§ BRIEF
The pictures in the data below are to be omitted; all else must be duplicated exactly.

§ GIVEN INFORMATION

================

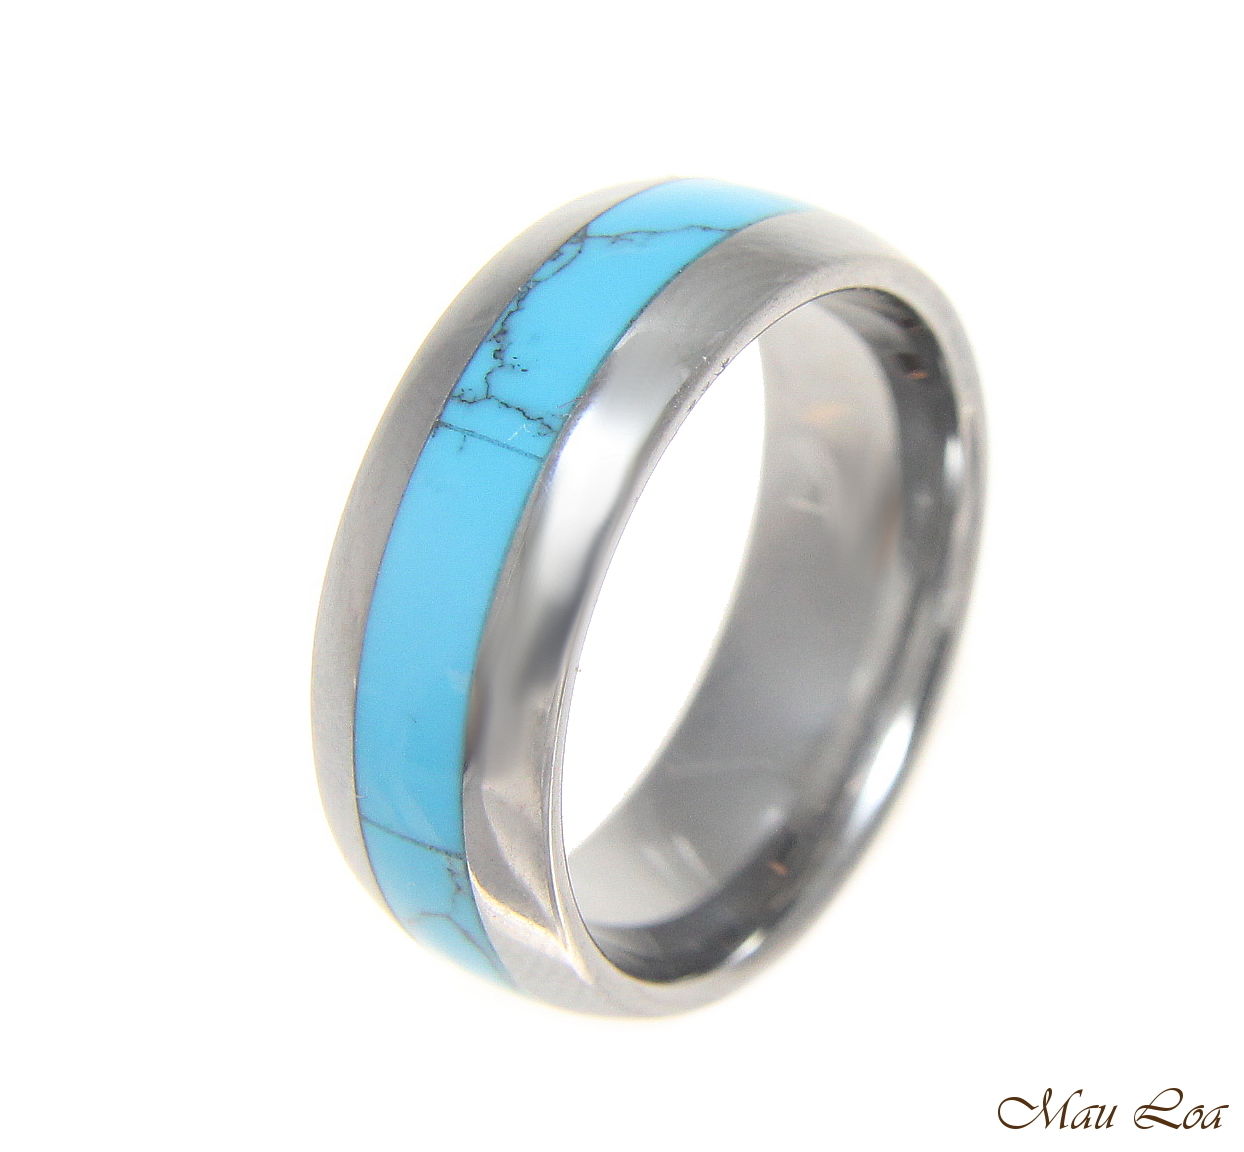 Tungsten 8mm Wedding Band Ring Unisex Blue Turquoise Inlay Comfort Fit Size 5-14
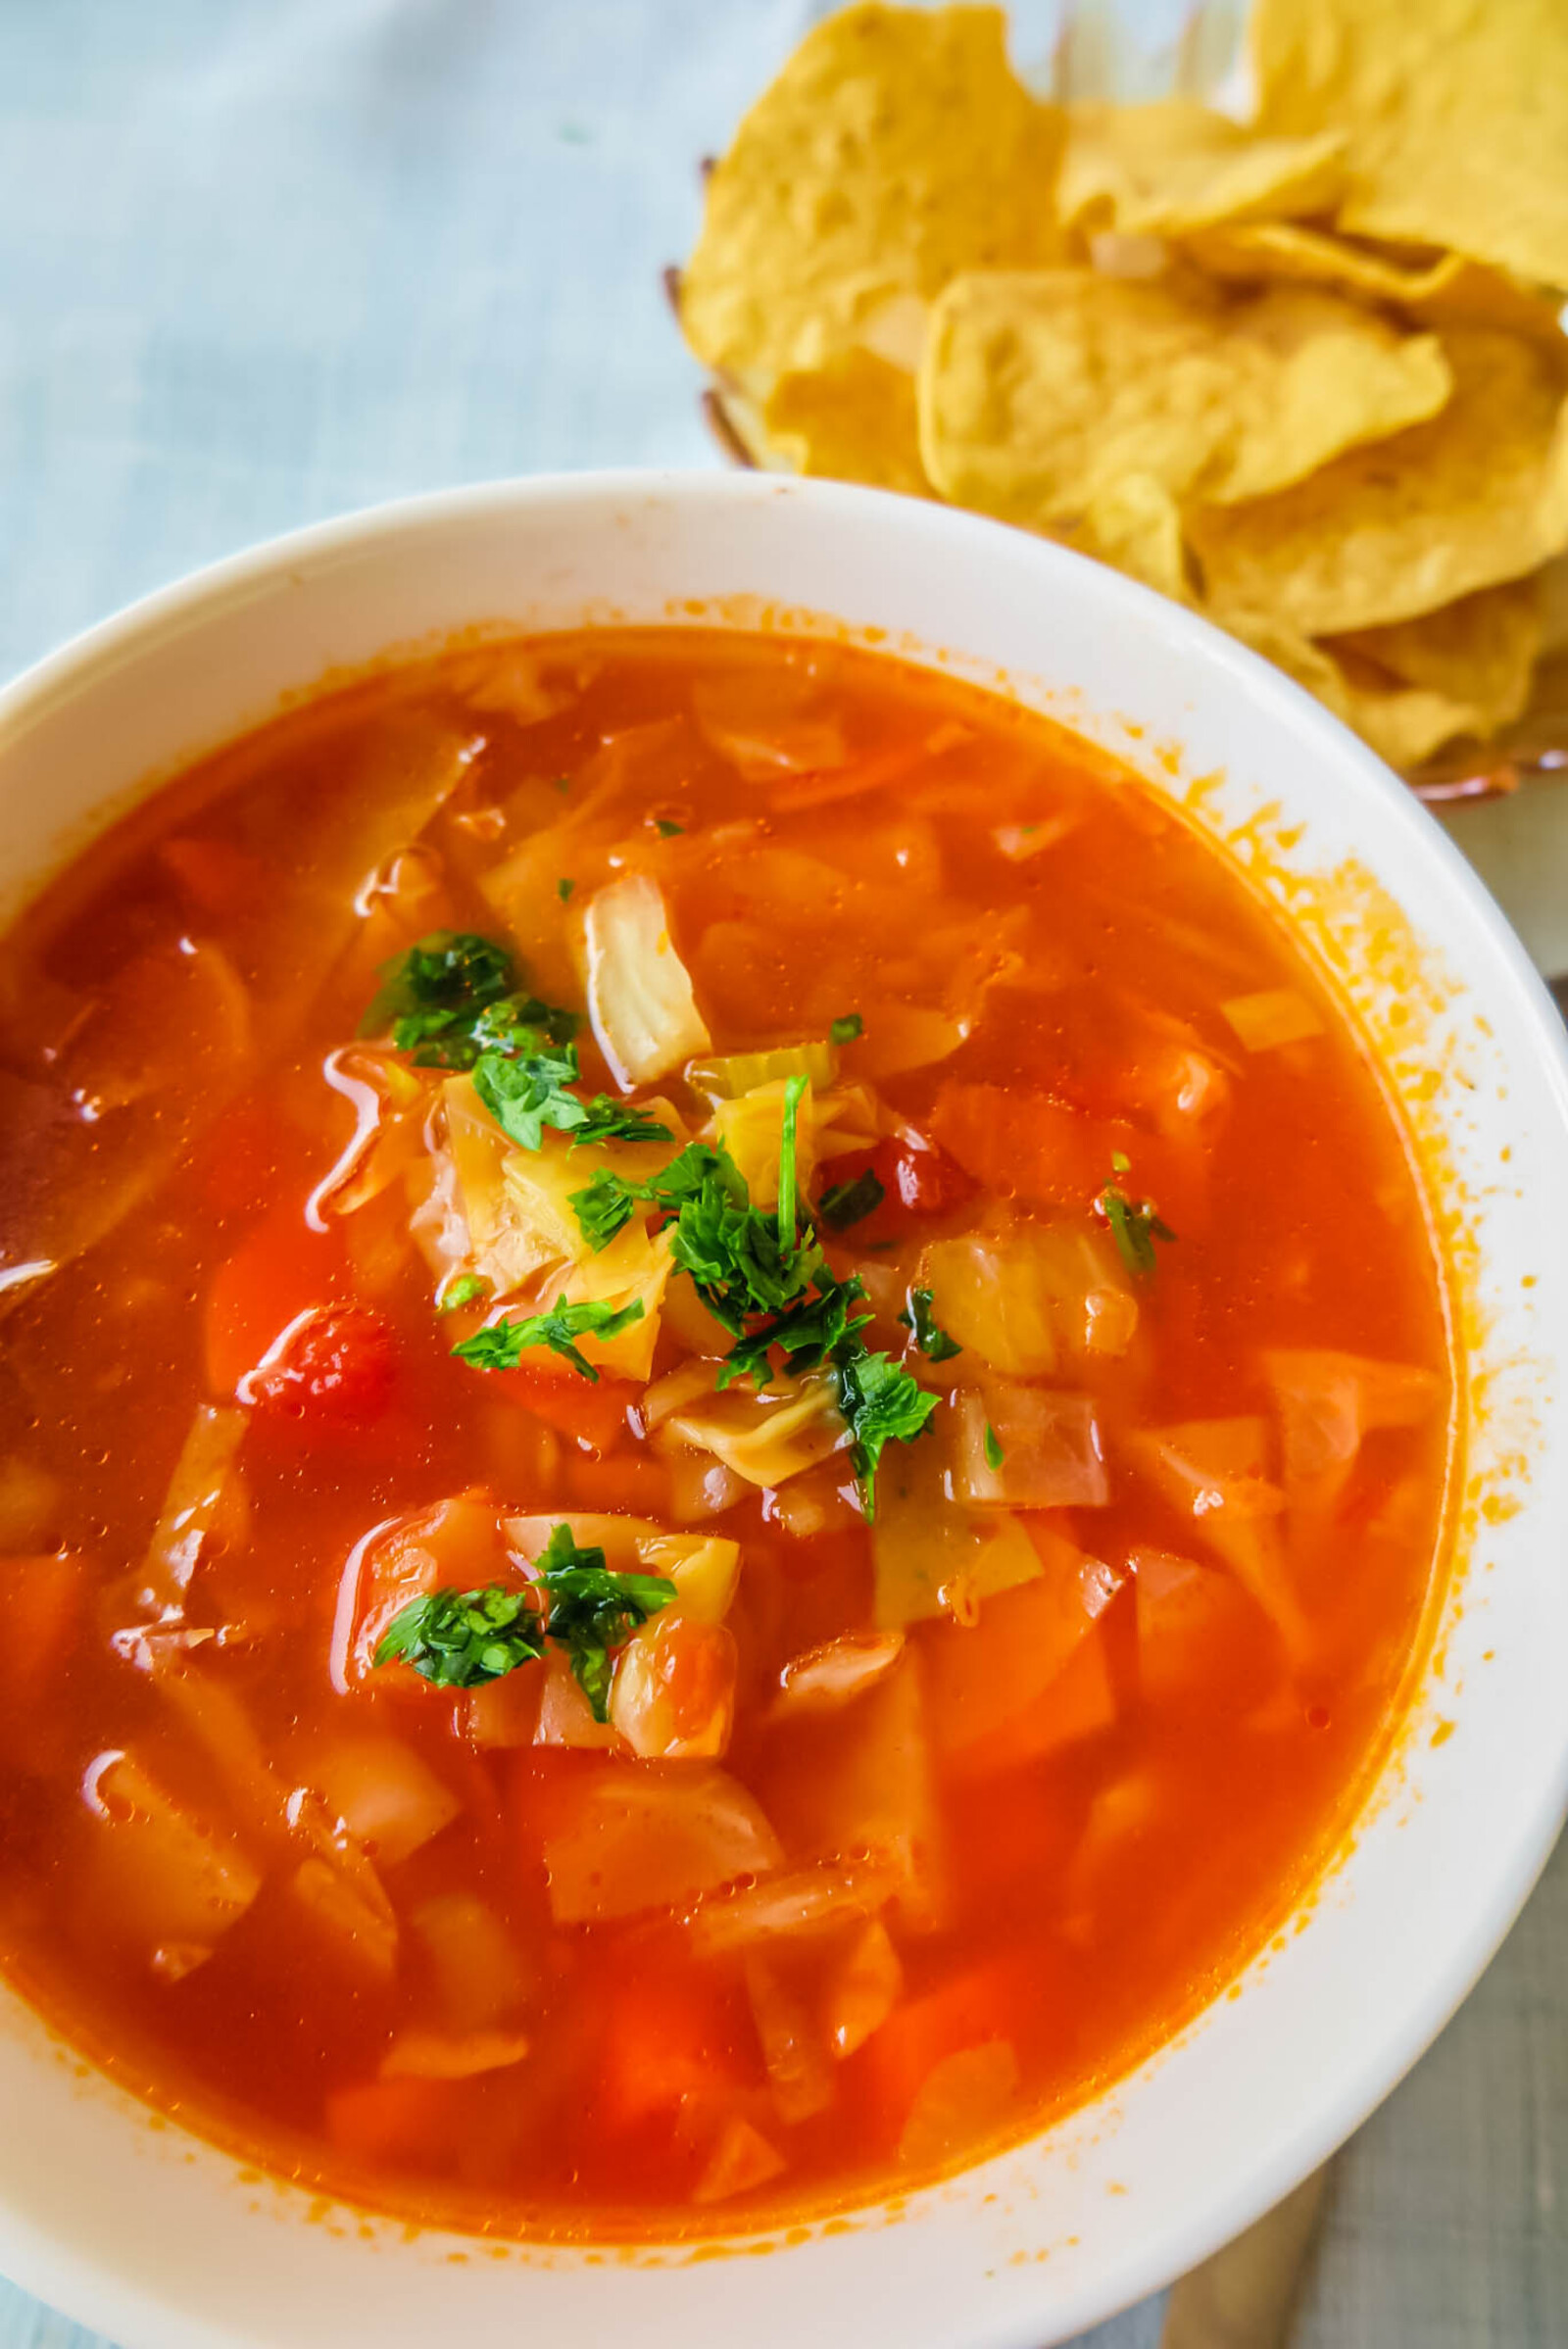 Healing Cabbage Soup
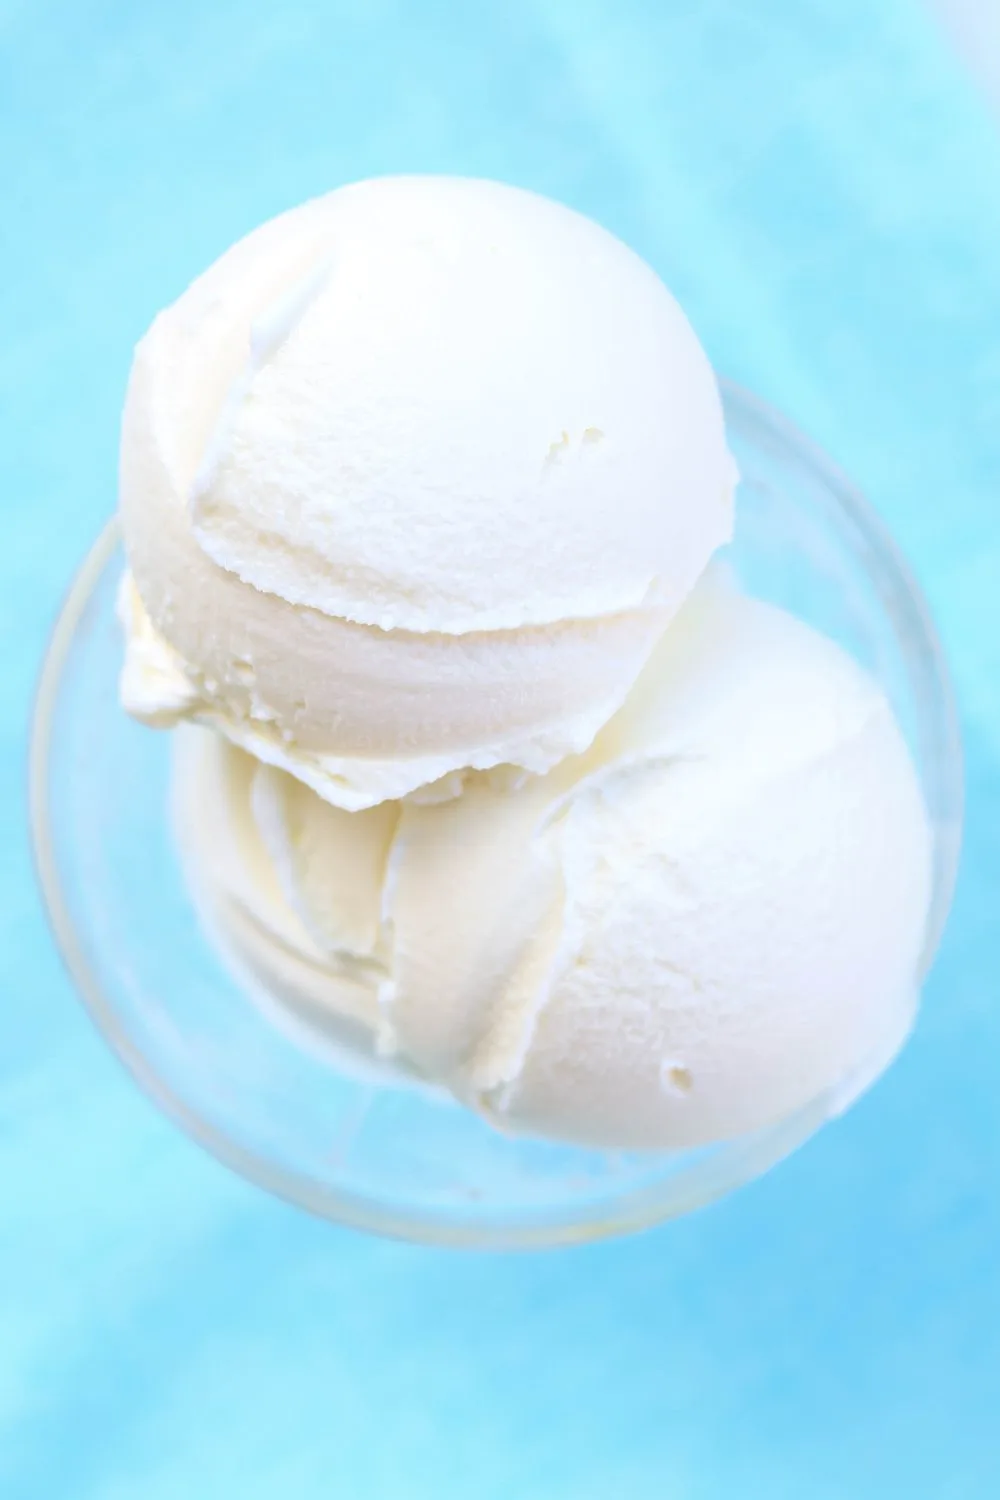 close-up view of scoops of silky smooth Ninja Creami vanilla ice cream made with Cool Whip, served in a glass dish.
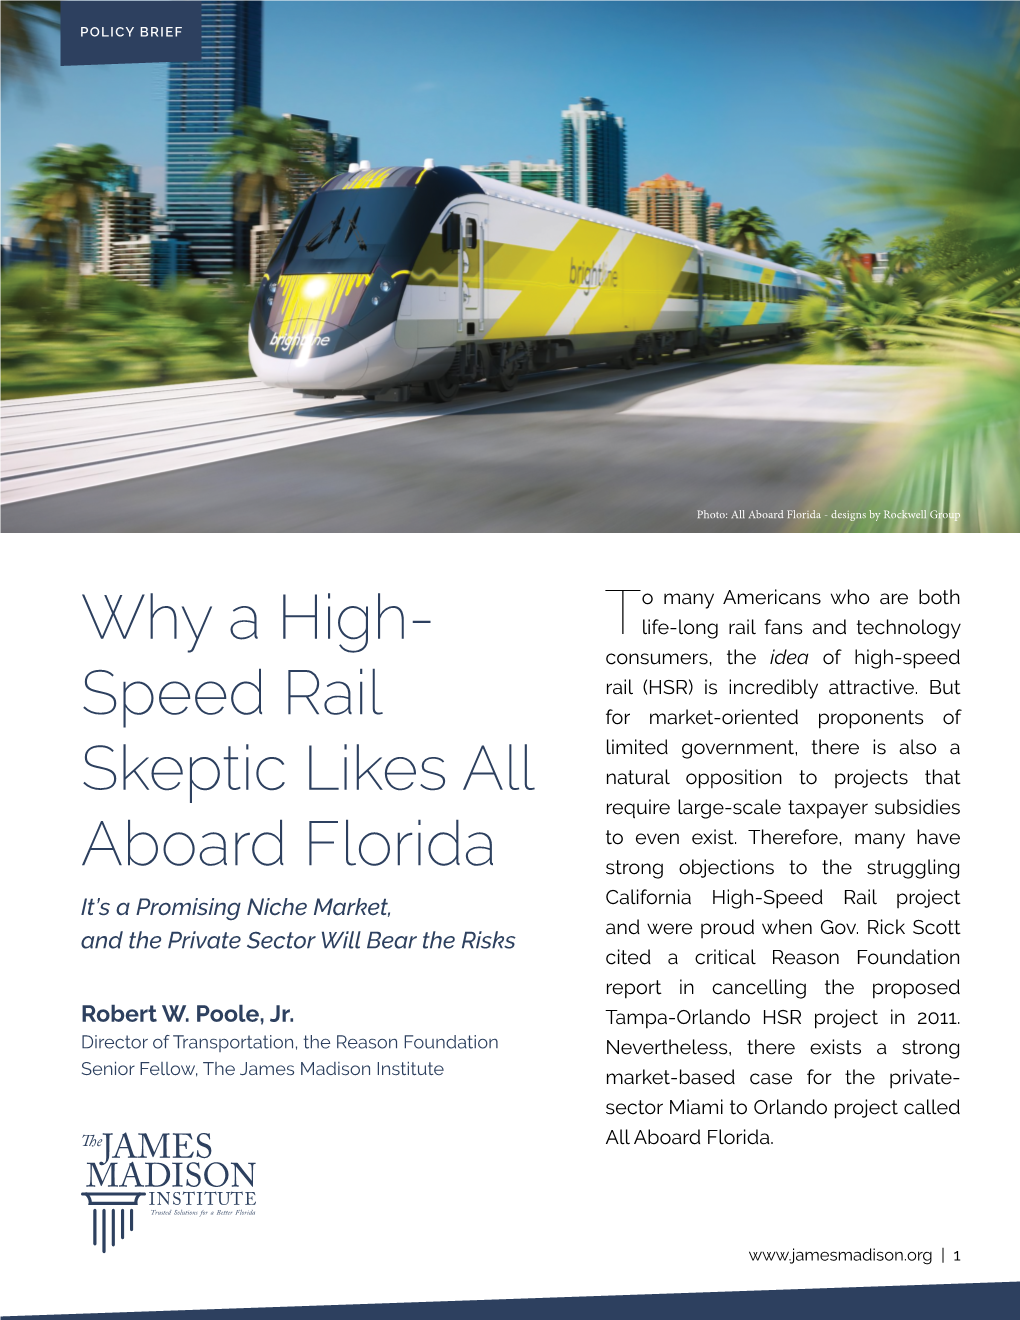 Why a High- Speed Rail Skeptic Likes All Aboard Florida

================

§ RESPONSE TO THE TASK
 Tungsten 8mm Wedding Band Ring Unisex Blue Turquoise Inlay Comfort Fit Size 5-14
 Healing Cabbage Soup
 close-up view of scoops of silky smooth Ninja Creami vanilla ice cream made with Cool Whip, served in a glass dish.
 Why a High- Speed Rail Skeptic Likes All Aboard Florida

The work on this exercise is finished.